### About this task
Please restate each line of the material word for word and omit any pictures.

### Provided material
╭──

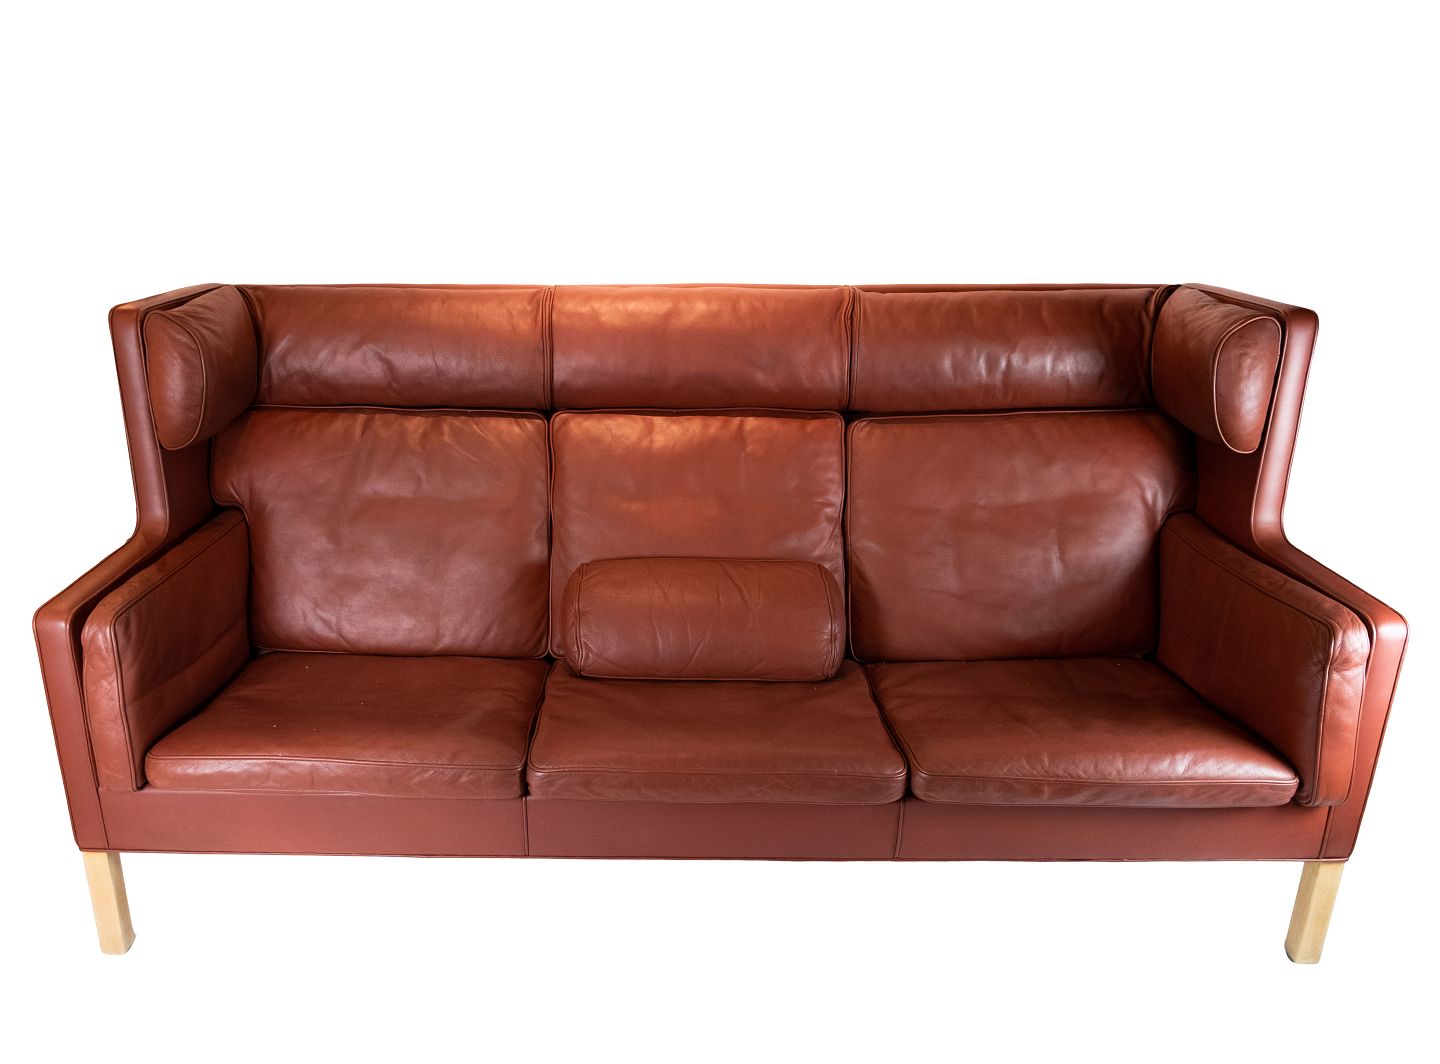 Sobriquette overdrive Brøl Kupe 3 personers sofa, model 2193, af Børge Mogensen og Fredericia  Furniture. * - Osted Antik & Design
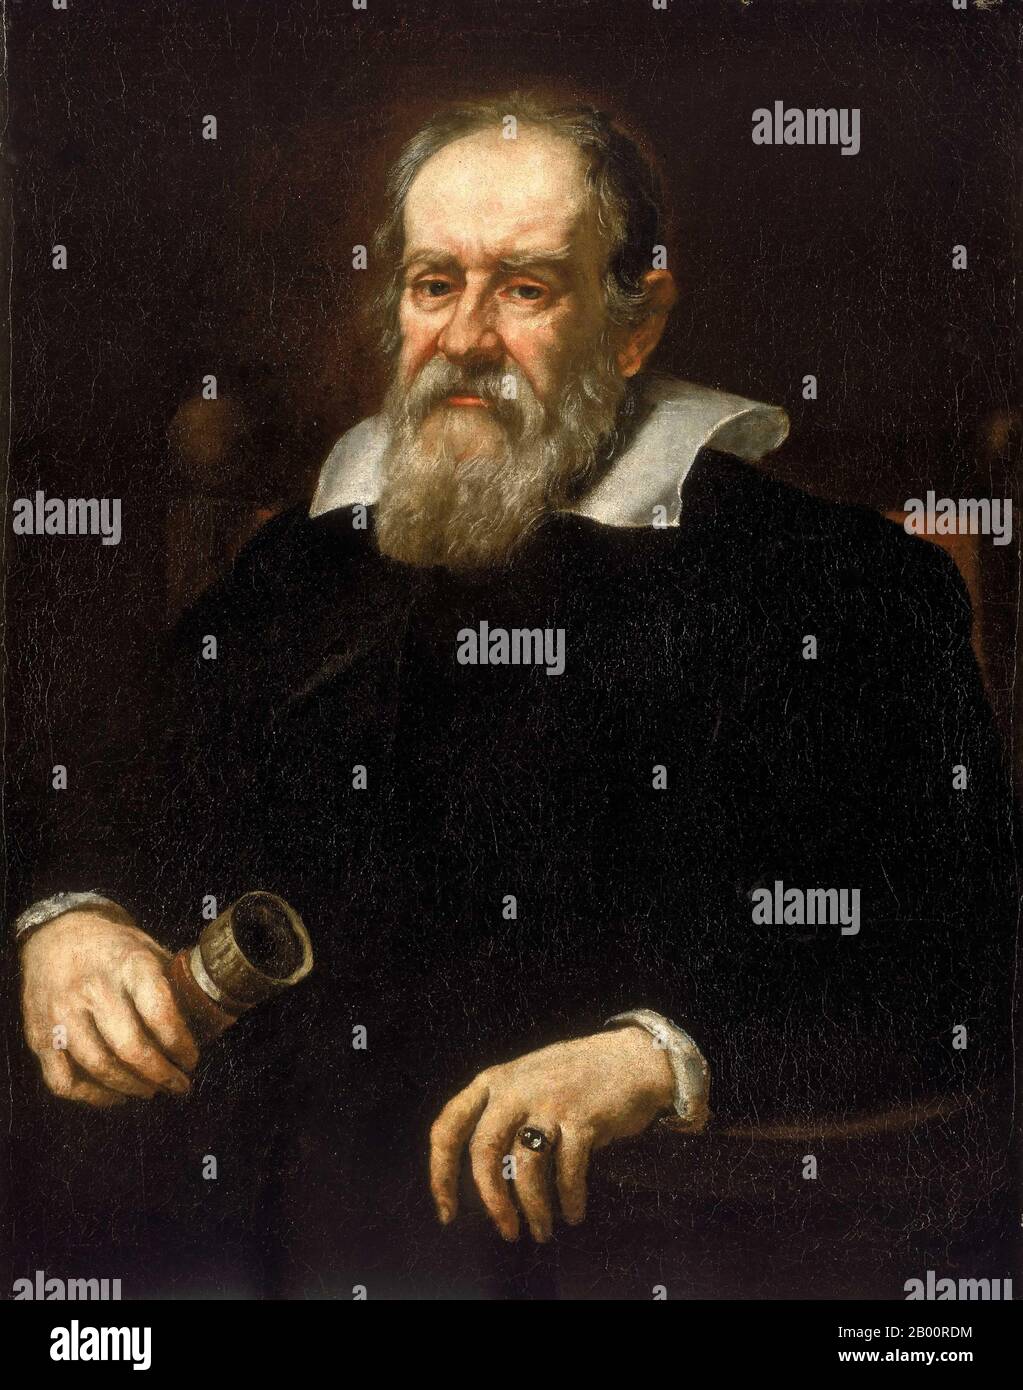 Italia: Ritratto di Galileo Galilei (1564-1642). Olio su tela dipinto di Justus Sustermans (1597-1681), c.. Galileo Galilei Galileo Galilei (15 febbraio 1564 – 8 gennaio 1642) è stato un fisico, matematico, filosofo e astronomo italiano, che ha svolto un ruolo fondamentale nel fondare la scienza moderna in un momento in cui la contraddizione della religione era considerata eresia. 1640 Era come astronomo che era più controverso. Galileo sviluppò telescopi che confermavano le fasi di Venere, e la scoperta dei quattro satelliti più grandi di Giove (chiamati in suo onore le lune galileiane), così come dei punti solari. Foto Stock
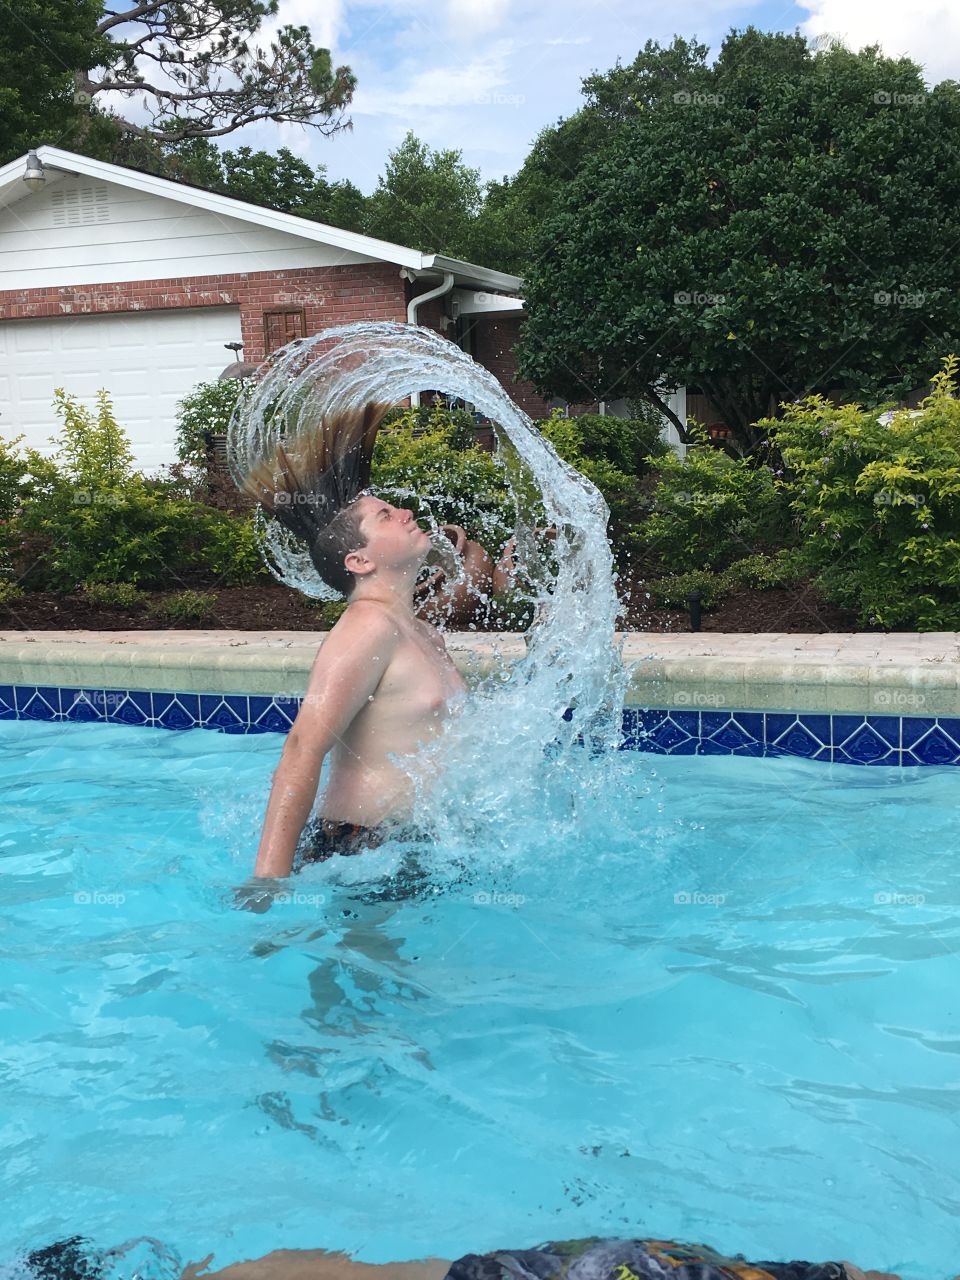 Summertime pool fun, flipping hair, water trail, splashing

╰──

### Output below
 Sobriquette overdrive Brøl Kupe 3 personers sofa, model 2193, af Børge Mogensen og Fredericia  Furniture. * - Osted Antik & Design
 Italia: Ritratto di Galileo Galilei (1564-1642). Olio su tela dipinto di Justus Sustermans (1597-1681), c.. Galileo Galilei Galileo Galilei (15 febbraio 1564 – 8 gennaio 1642) è stato un fisico, matematico, filosofo e astronomo italiano, che ha svolto un ruolo fondamentale nel fondare la scienza moderna in un momento in cui la contraddizione della religione era considerata eresia. 1640 Era come astronomo che era più controverso. Galileo sviluppò telescopi che confermavano le fasi di Venere, e la scoperta dei quattro satelliti più grandi di Giove (chiamati in suo onore le lune galileiane), così come dei punti solari. Foto Stock
 Summertime pool fun, flipping hair, water trail, splashing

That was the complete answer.